▶ [Materials provided]:
Segment Open

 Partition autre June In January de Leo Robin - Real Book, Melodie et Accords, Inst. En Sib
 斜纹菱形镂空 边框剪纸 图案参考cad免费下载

Segment Closed
Segment Open

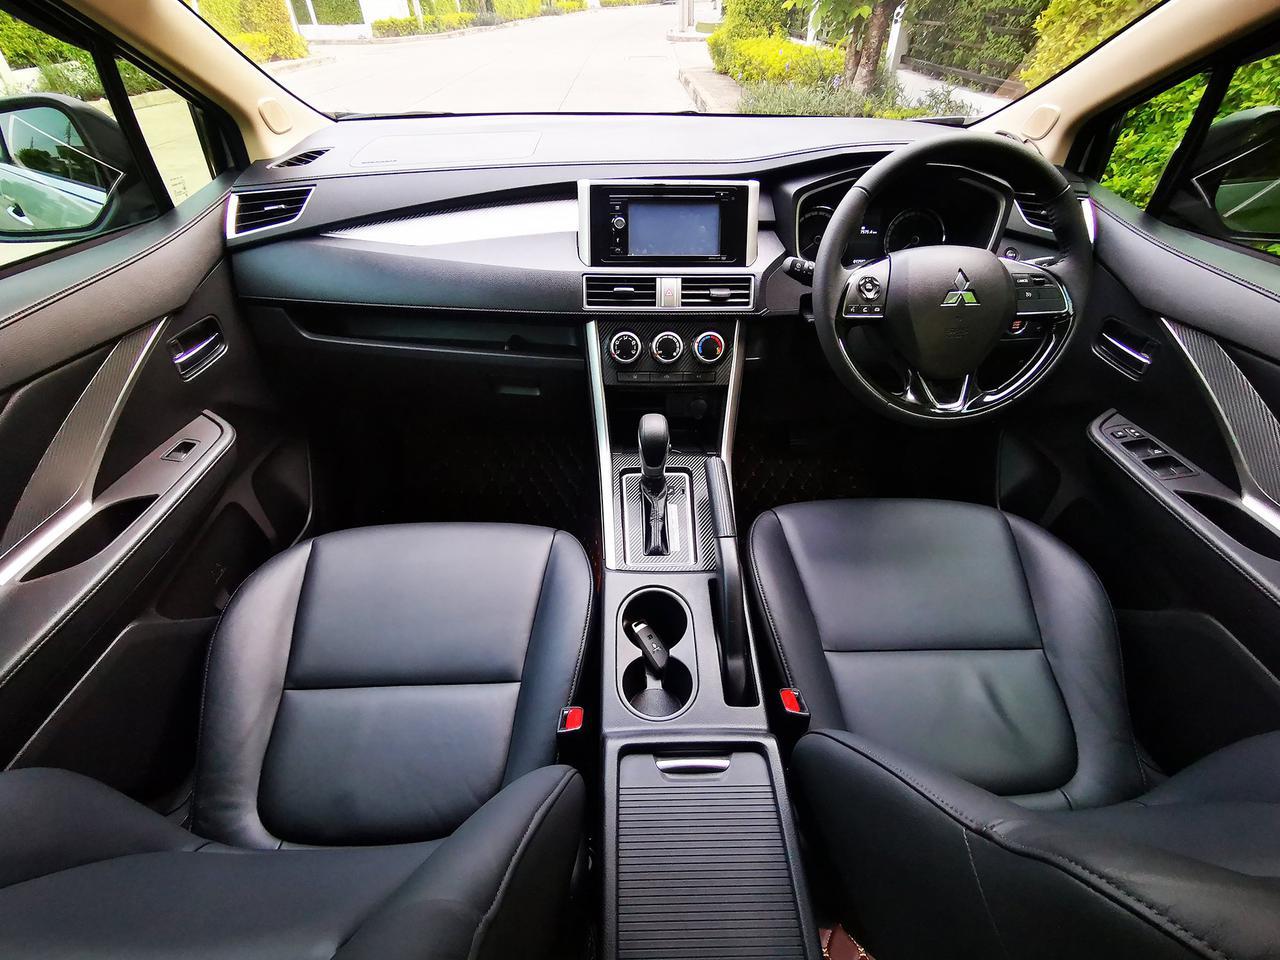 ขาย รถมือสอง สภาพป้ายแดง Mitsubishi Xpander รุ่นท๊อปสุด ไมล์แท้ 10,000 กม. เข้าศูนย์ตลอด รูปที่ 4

Segment Closed

Could you reproduce, exactly, every line above from the line with "Partition autre June" to the line with "斜纹菱形镂空 边框剪纸 图案参考cad免费下载", and no other line? Both ends count.

▶ [Written response]:
 Partition autre June In January de Leo Robin - Real Book, Melodie et Accords, Inst. En Sib
 斜纹菱形镂空 边框剪纸 图案参考cad免费下载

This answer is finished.